Background information
- Origin: Chapel Hill, North Carolina, U.S.
- Genres: Indie rock; noise rock; math rock; post-hardcore; post-rock;
- Years active: 1990–1998; 2008–present;
- Labels: Merge; Touch And Go;
- Members: Ash Bowie Dave Brylawski Steve Popson Brian Quast
- Past members: Eddie Watkins Brian Walsby
- Website: polvonc.bandcamp.com

= Polvo =

American indie rock band

Polvo is an American indie rock band from Chapel Hill, North Carolina, formed in 1990. They are known for their intricate musical style which is characterized by the use of dissonant, layered guitars; off-kilter rhythms, and unorthodox yet melodic song structures. The band has since been described as one of the most accomplished acts within the math rock genre, and their distinctive sound is what set them apart from contemporaries at the time.

Polvo’s lineup consists of frontmen Ash Bowie and Dave Brylawski, both on vocal and guitar duties respectively, Steve Popson on bass, and Brian Quast on drums. Eddie Watkins, the band’s original drummer, did not rejoin the lineup upon their 2008 reformation after initially disbanding in 1998.

==Biography==
===Formation and early releases===
Polvo formed in 1990 in Chapel Hill, North Carolina, United States. Their original lineup consisted of vocalists/guitarists Ash Bowie and Dave Brylawski, bassist Steve Popson, and drummer Eddie Watkins. Bowie and Brylawski met in a Spanish class at the University of North Carolina and shared an affinity for music released by SST Records and local rock band Let's Active. Polvo's first recording was Can I Ride, a double 7-inch single released on the band's Kitchen Puff Records label in 1991. It was later re-released on CD as the Polvo EP on micro-indie Jesus Christ Records. The band then released two full-length albums, two EPs, and several 7-inches on Merge Records, a label run by Superchunk's Mac McCaughan, a high-school classmate of Brylawski and Popson. Merge Records issued their debut album, Cor-Crane Secret, in 1992. Today's Active Lifestyles followed in 1993, refining the group's approach, and it was followed in turn by two EPs, 1994's Celebrate the New Dark Age and 1995's This Eclipse. Today's Active Lifestyles was later reissued with an alternative cover without the lion image on it, because of a copyright lawsuit brought by the painter of the album.
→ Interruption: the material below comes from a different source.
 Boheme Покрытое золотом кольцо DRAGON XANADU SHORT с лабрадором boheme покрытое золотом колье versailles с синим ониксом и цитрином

The band also made an appearance in the 1994 cult road movie Half-Cocked.

===Wider reach, dispersion and break-up===
Polvo toured North America numerous times, including outings with Thinking Fellers Union Local 282, Pavement, Superchunk, Pipe, Sonic Youth, Unwound, Trumans Water, Sleepyhead, Trans Am, Dungbeetle, and Spatula. They toured twice in the UK and once in Europe, playing with Sebadoh, Babes in Toyland, and Superchunk.
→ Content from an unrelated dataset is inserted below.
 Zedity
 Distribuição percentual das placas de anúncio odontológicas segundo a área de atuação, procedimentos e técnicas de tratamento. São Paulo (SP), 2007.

Two albums were released after the band signed to the larger label Touch and Go Records. Their debut for the label was 1996's double-length Exploded Drawing, an eclectic, progressive effort that began to delve more explicitly into the guitarists' fascination with Asian music. Drummer Watkins amicably left the band afterward to pursue career and family interests. The rest of the group was beginning to drift apart as well. Brylawski moved to New York City to attend graduate school and also traveled to India, while Bowie had already relocated to Boston by 1994 to join then-girlfriend, Helium frontwoman Mary Timony. Polvo reconvened in 1997 to record Shapes with new drummer Brian Walsby. Both Touch and Go releases featured a darker, more progressive rock-oriented sound instead of their earlier, post-punk influenced style. Rumors that it would be their final album proved true when they amicably disbanded later that year, ending their farewell US tour with a two-night stand at hometown club Cat's Cradle.
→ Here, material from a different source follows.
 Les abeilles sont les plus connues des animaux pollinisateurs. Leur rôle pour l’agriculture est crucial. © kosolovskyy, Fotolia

===Hiatus and other projects===
In 2000 Bowie released an album of home recordings on the Tiger Style label, called Yesterday...and Tomorrow's Shells under the name Libraness. He has since appeared with (current Polvo drummer Brian Quast's band) the BQ's and recorded and toured with Fan Modine. Bowie and Quast had also been working on tracks for a new Libraness album. Brylawski later played in the North Carolina–based Indonesian music-influenced band Idyll Swords, which released two albums on Communion, and currently is a member of Black Taj, as is Steve Popson. Watkins played drums in Dr. Powerful, as well as Durham outfit Stranger In The Valley of The Kings. In July 2020, Brylawski and Quast released their first album as Silver Scrolls.

===Reunion===
Polvo reformed with new drummer Brian Quast, formerly of Vanilla Trainwreck and The Cherry Valence, after being invited to appear at All Tomorrow's Parties 2008 and the Primavera Sound Festival in Barcelona, Spain. They also played several shows in the US, including the Northwest Music Fest in Portland. A full live set from a benefit show at Cat's Cradle in August 2008, featuring new songs and reworked versions of old songs, was made available to purchase online. In 2009, Polvo re-signed to Merge Records and released In Prism, their first studio album in 12 years. The album's release coincided with Merge Records' 20th anniversary, and Polvo were featured at a concert to honor the label at the Cat's Cradle in July. In 2010 the band toured with Versus and released their sixth album, Siberia, in 2013. The band did not undertake any promotion for its release. Polvo's last live performance to date was in 2011.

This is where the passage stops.